Developing a positive self-belief in your ability comes from structured and consistent training. Without this, you’re already mentally disadvantaged at the start line especially when you ask yourself the inevitable questions like ‘Am I ready for this?’ If you’ve done the training, then you know the answer is a resounding yes. If a proper constructed training program seems like it’s too much to take on, then reassess your why. Accountability to yourself and/or a coach will help with consistency in the long-term whether that be through purchasing a plan, hiring a running coach or potentially raising sponsorship.

Finally, get comfortable being uncomfortable. Don’t skip the hard sessions, train in awful weather and reap the rewards of how epic you feel after tackling such things. It helps develop a stoicism that can’t be gained from anything other than just tackling the hard stuff head on and not complaining about it. GET.IT.DONE.

Kit

A lot of ultra-marathons have a mandatory kit list in which you must have on you at all times. This can include map and compass, survival bag, whistle and waterproofs. Ensure you have all this kit and train with it. Ensure you can pack it correctly, so your pack/vest sits comfortably and doesn’t rattle about. Invest in a good waterproof running jacket, especially if you’re doing 50 mile + events in the UK. It can be a game changer. A lot of runners have very positive experiences with running poles/sticks too. I personally have used them more since racing in the Lake District, utilising them on the big climbs.

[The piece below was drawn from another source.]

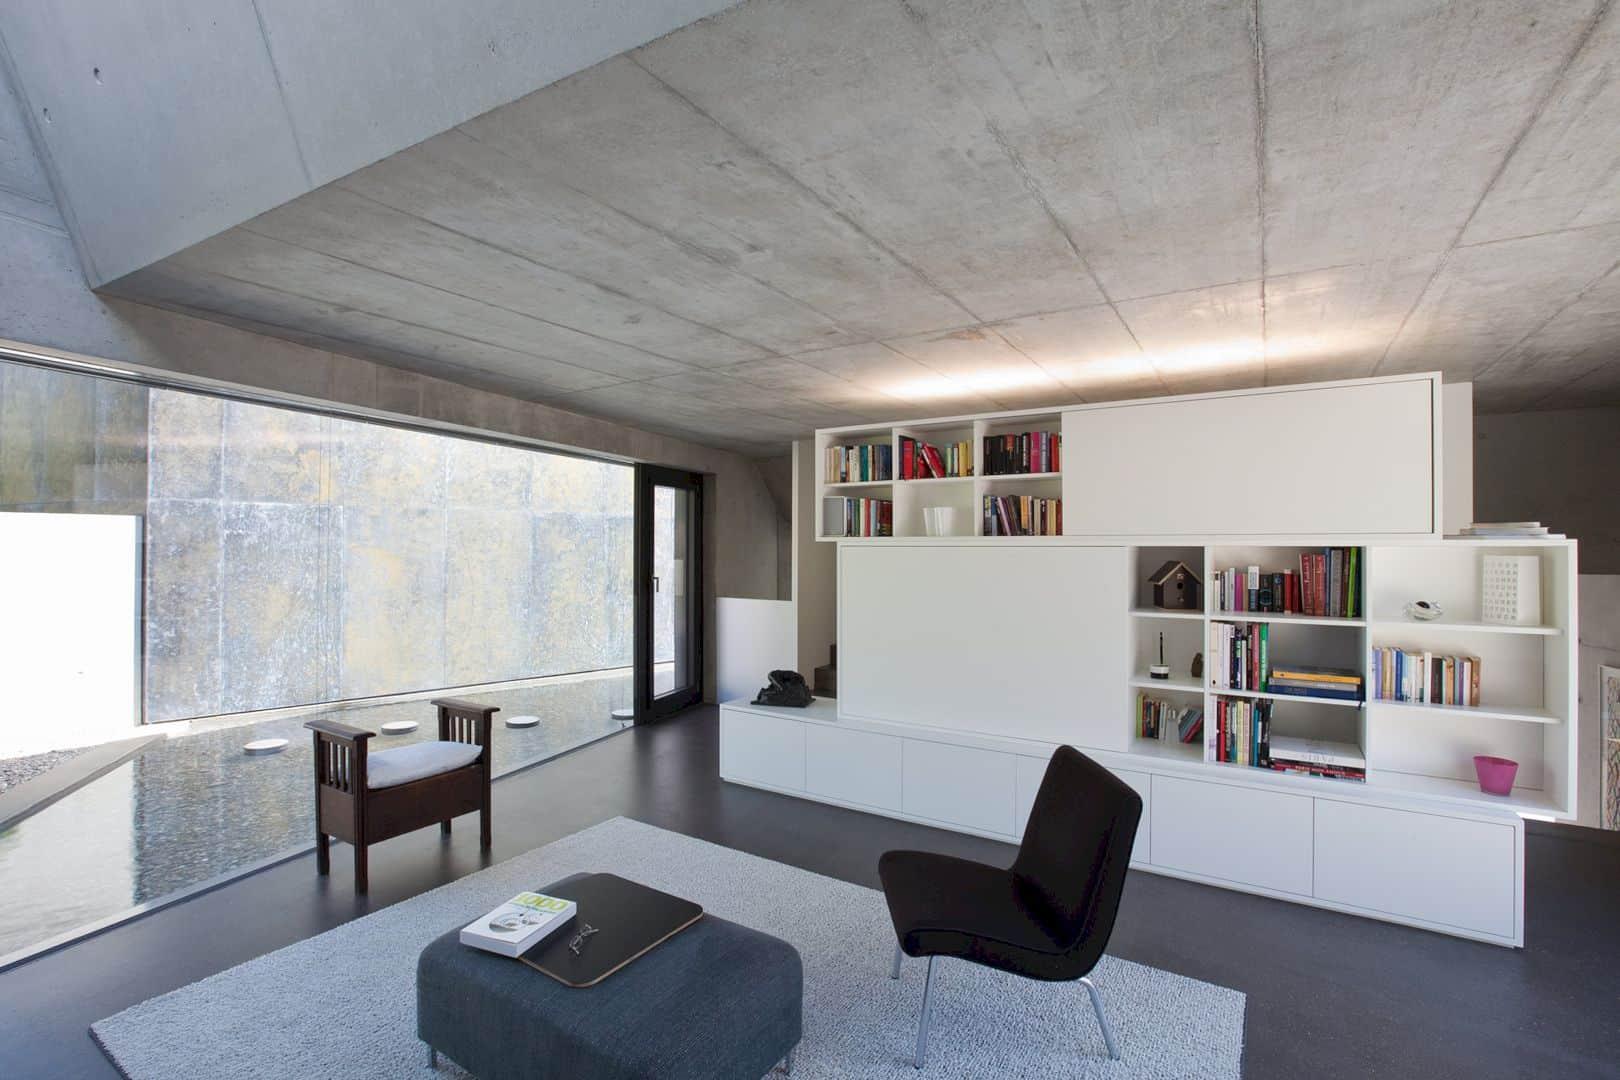 2 EFH Wingert Oberweningen By L3P Architekten 8
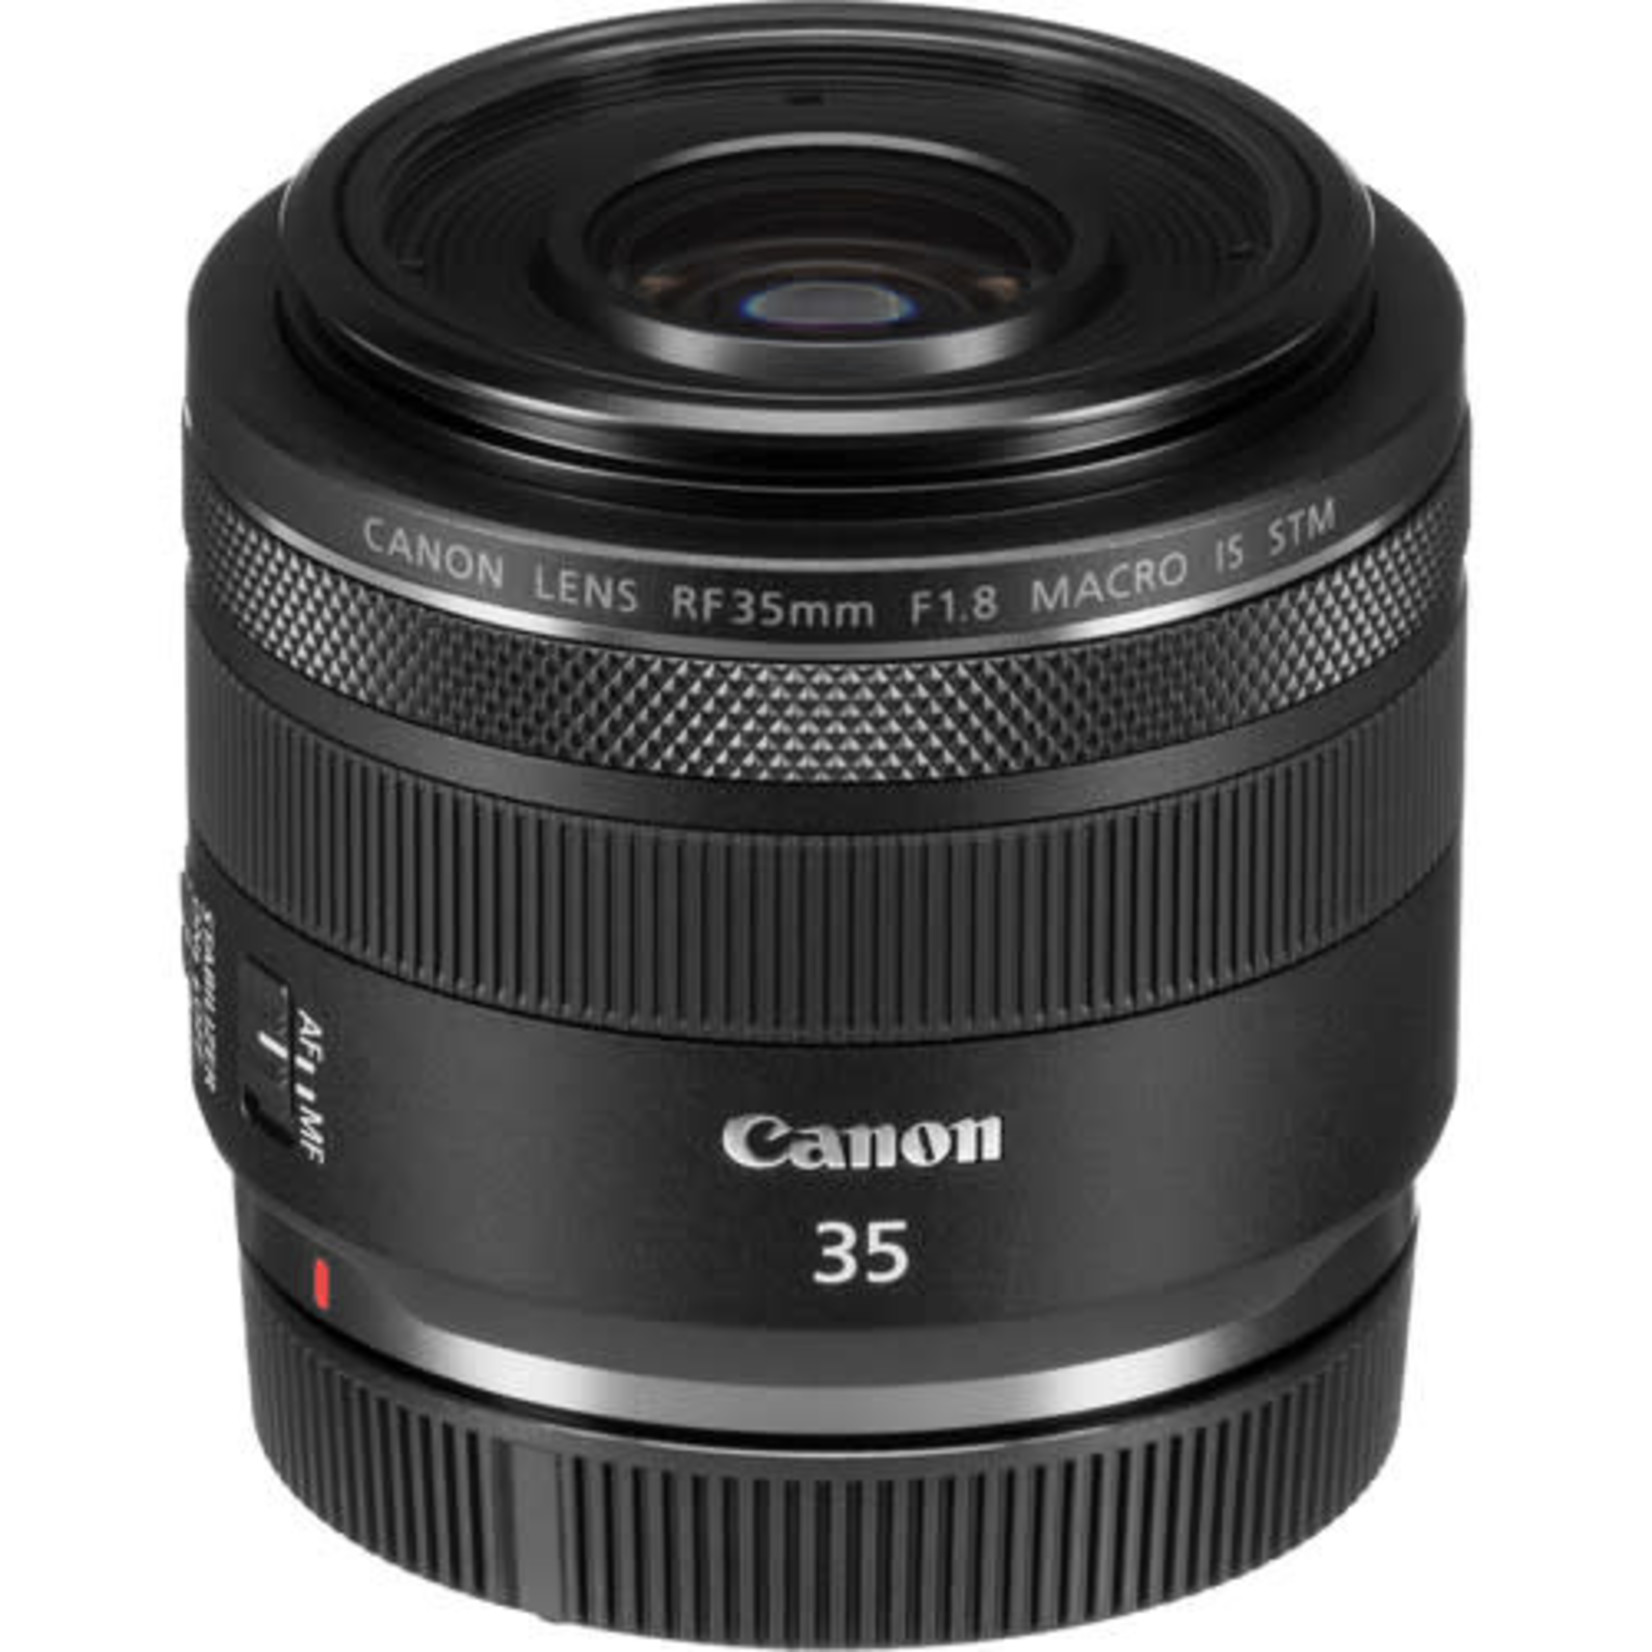 Canon Canon RF 35mm f/1.8 IS Macro STM Lens

Ensure you’ve got the right trainers for the terrain. If you’re running on trail/bridleways etc then most trail shoes will be adequate. If you’re racing on more mountainous/wet rock and technical descents a shoe with at least 5mm lugs (tread on the bottom) would help keep grip and confidence. Overall shoes should just be comfortable and fit well.

Feet

I’m not going to dwell too much on this one. Check out the book ‘fix your feet’ by John Vonhof. There may be some strategies in there to help overcome blisters and other foot issues.

Failure to Prepare is Preparing to Fail

I hated it when people used phrases like that when I was in the military. However, when surveys have been conducted after some ultra-marathons, one of the most common responses for why some participants DNF’d or didn’t perform as well as they hoped, was a lack of preparation i.e. not enough training, lack of adequate kit or poor nutrition. These are all easy wins, and too often we focus on super lightweight kit or the latest graphene grip shoes or fucking snap back hats at the expense of structured training and practicing nutrition. Be prepared. Whilst I know life gets in the way sometimes, if you’ve established your why, given yourself enough time to train and carried out a structured training plan, you should always hit the start line prepared.